He is not alone. In Paradox, Rey, and in Los últimos románticos Pío Baroja introduces a fresh and reckless note of social satire, while novelty of thought and style characterise Martínez Ruiz in Las confesiones de un pequeño filósofo and Valle-Inclán in Flor de Santidad and Sonata de otoño. These are the immediate hopes of the future. But prophecy is a vain thing: the future lies on the knees of the gods.


FOOTNOTES:

[1] ‘Nierva’ in Eugenio de Ochoa, Rimas inéditas (Paris, 1851), p. 305.

[2] The Archpriest’s poems are preserved in three ancient manuscripts known respectively as the Gayoso, Toledo, and Salamanca MSS. (1) The Gayoso MS. was finished on Thursday, July 23, 1389; it formerly belonged to Benito Martínez Gayoso, came into the possession of Tomás Antonio Sánchez on May 12, 1787, and is now in the library of the Royal Spanish Academy at Madrid. (2) The Toledo MS., which belongs to the same period, has been transferred from the library of Toledo Cathedral to the Biblioteca Nacional at Madrid. (3) The Salamanca MS., formerly in the library of the Colegio Mayor de San Bartolomé at Salamanca, is now in the Royal Library at Madrid: though somewhat later in date than the Gayoso and Toledo MSS., it is more carefully written, and the text is less incomplete.

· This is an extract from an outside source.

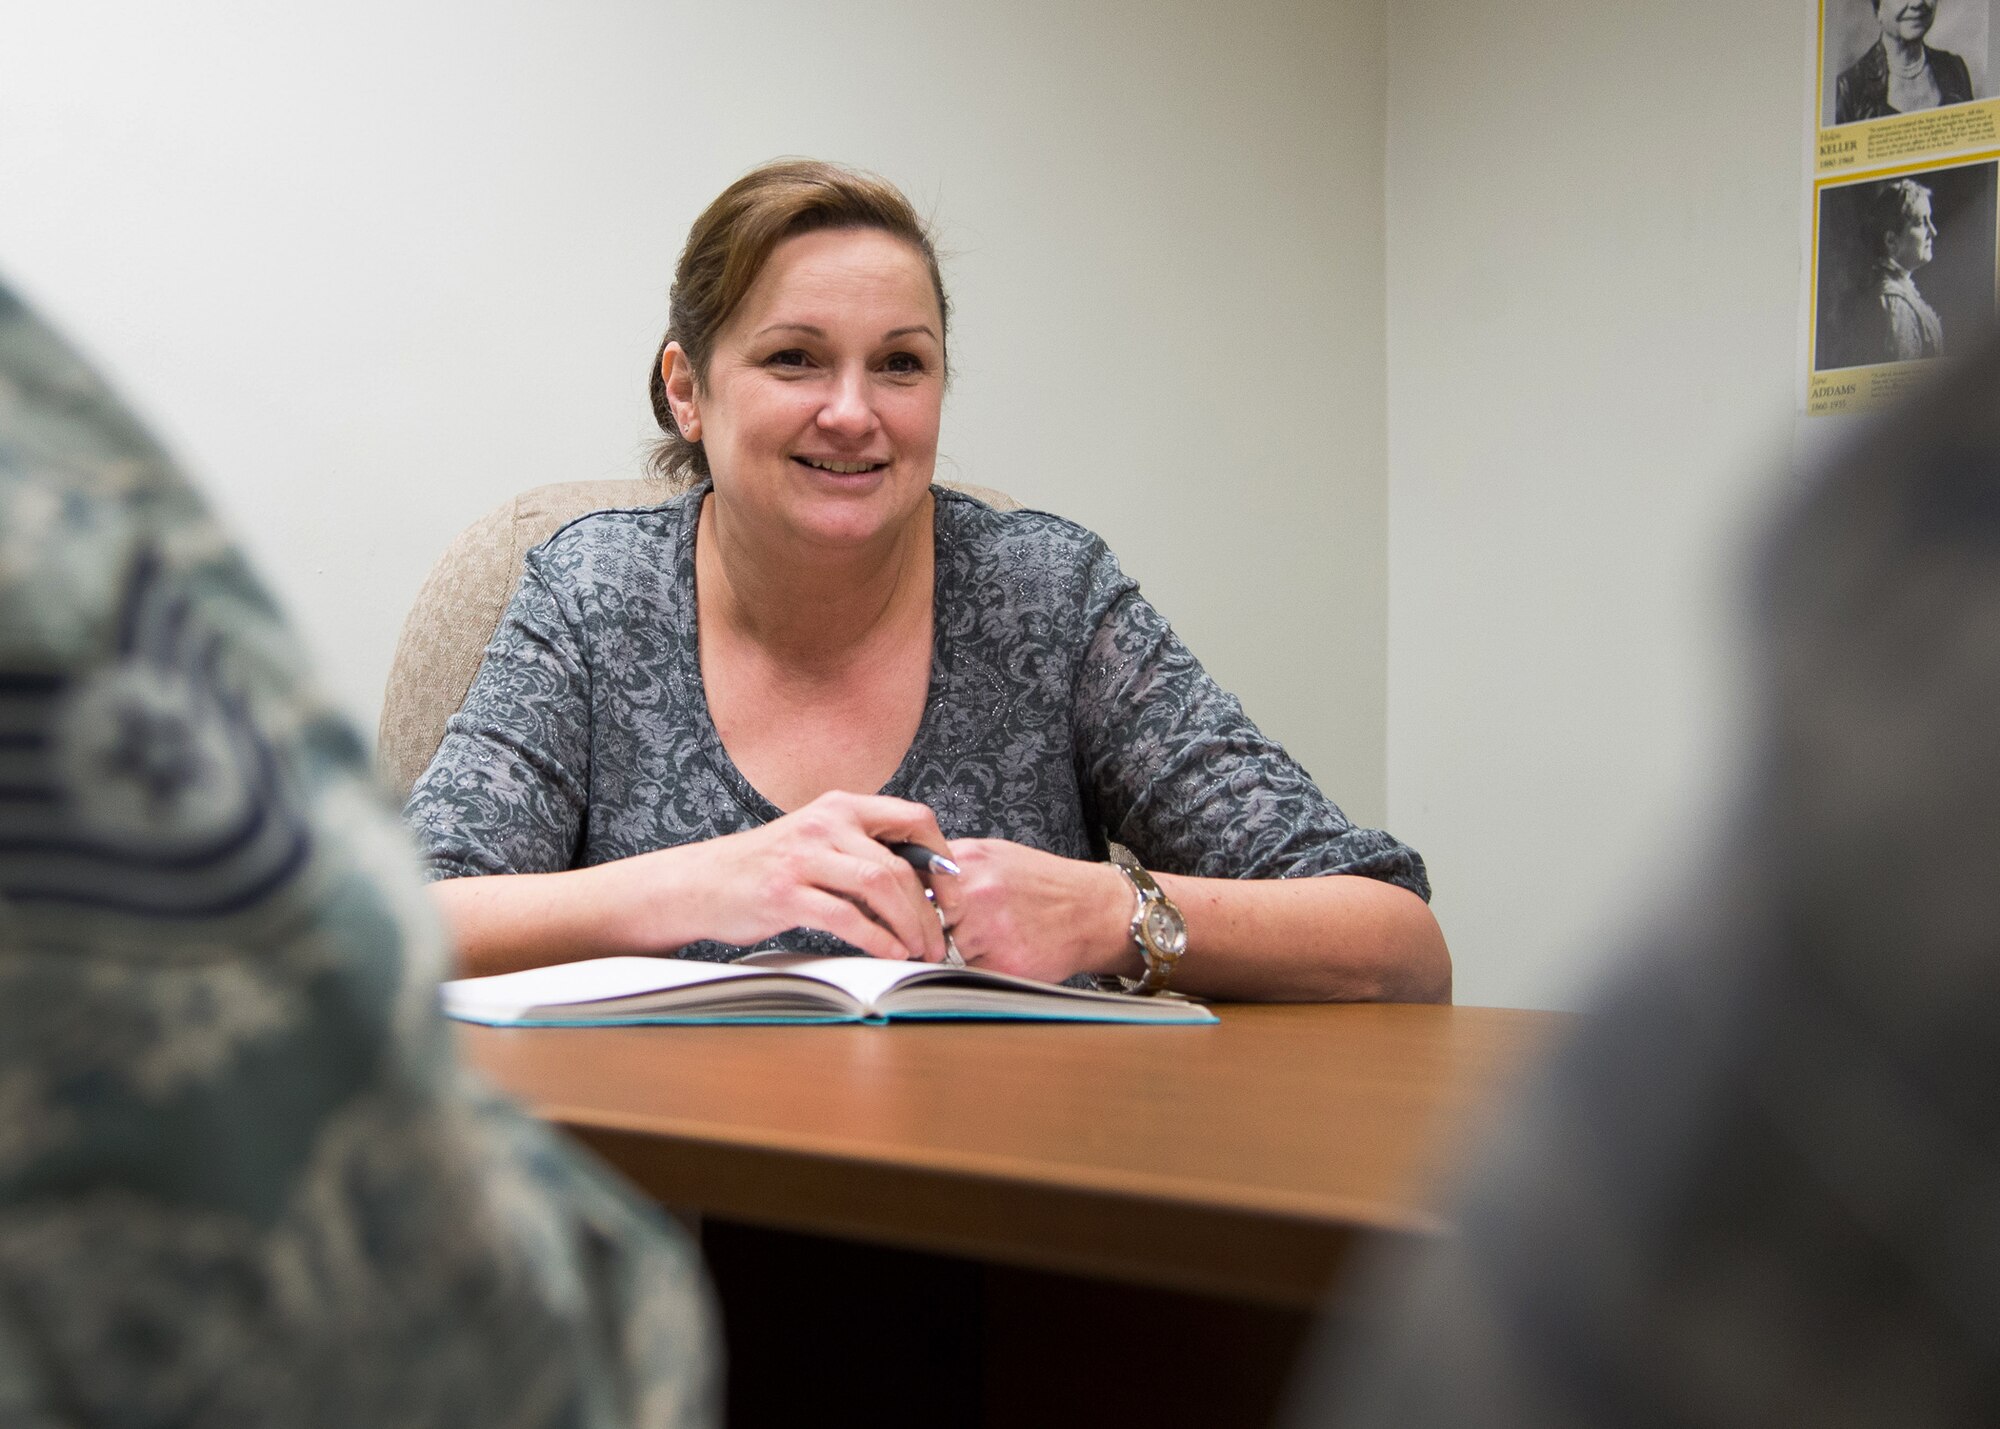 Wendy Reyes, the 66th Air Base Group Equal Opportunity director, meets with members of the EO office in Building 1217 Dec. 8. Reyes has worked in numerous positions within the EO community throughout her 20 year career. (U.S. Air Force photo by Mark Herlihy)

[3] In a contribution to the Jahrbücher der Literatur (Wien, 1831-2), vols. iv., pp. 234-264; lvi., pp. 239-266; lvii., pp. 169-200; lviii., pp. 220-268; lix., pp. 25-50. See the reprint in Ferdinand Wolf, Studien zur Geschichte der spanischen und portugiesischen Nationalliteratur (Berlin, 1859).

[4]

Interpone tuis interdum gaudia curis,

Ut possis animo quemvis sufferre laborem.—Disticha, iii. 6.

[5] In Letters from an English Traveller in Spain, in 1778, on the origin and progress of Poetry in that Kingdom (London, 1781). This work was published anonymously by John Talbot Dillon, who acknowledges his ‘particular obligations’ to the works of Luis José Velázquez, López de Sedano, and Sarmiento.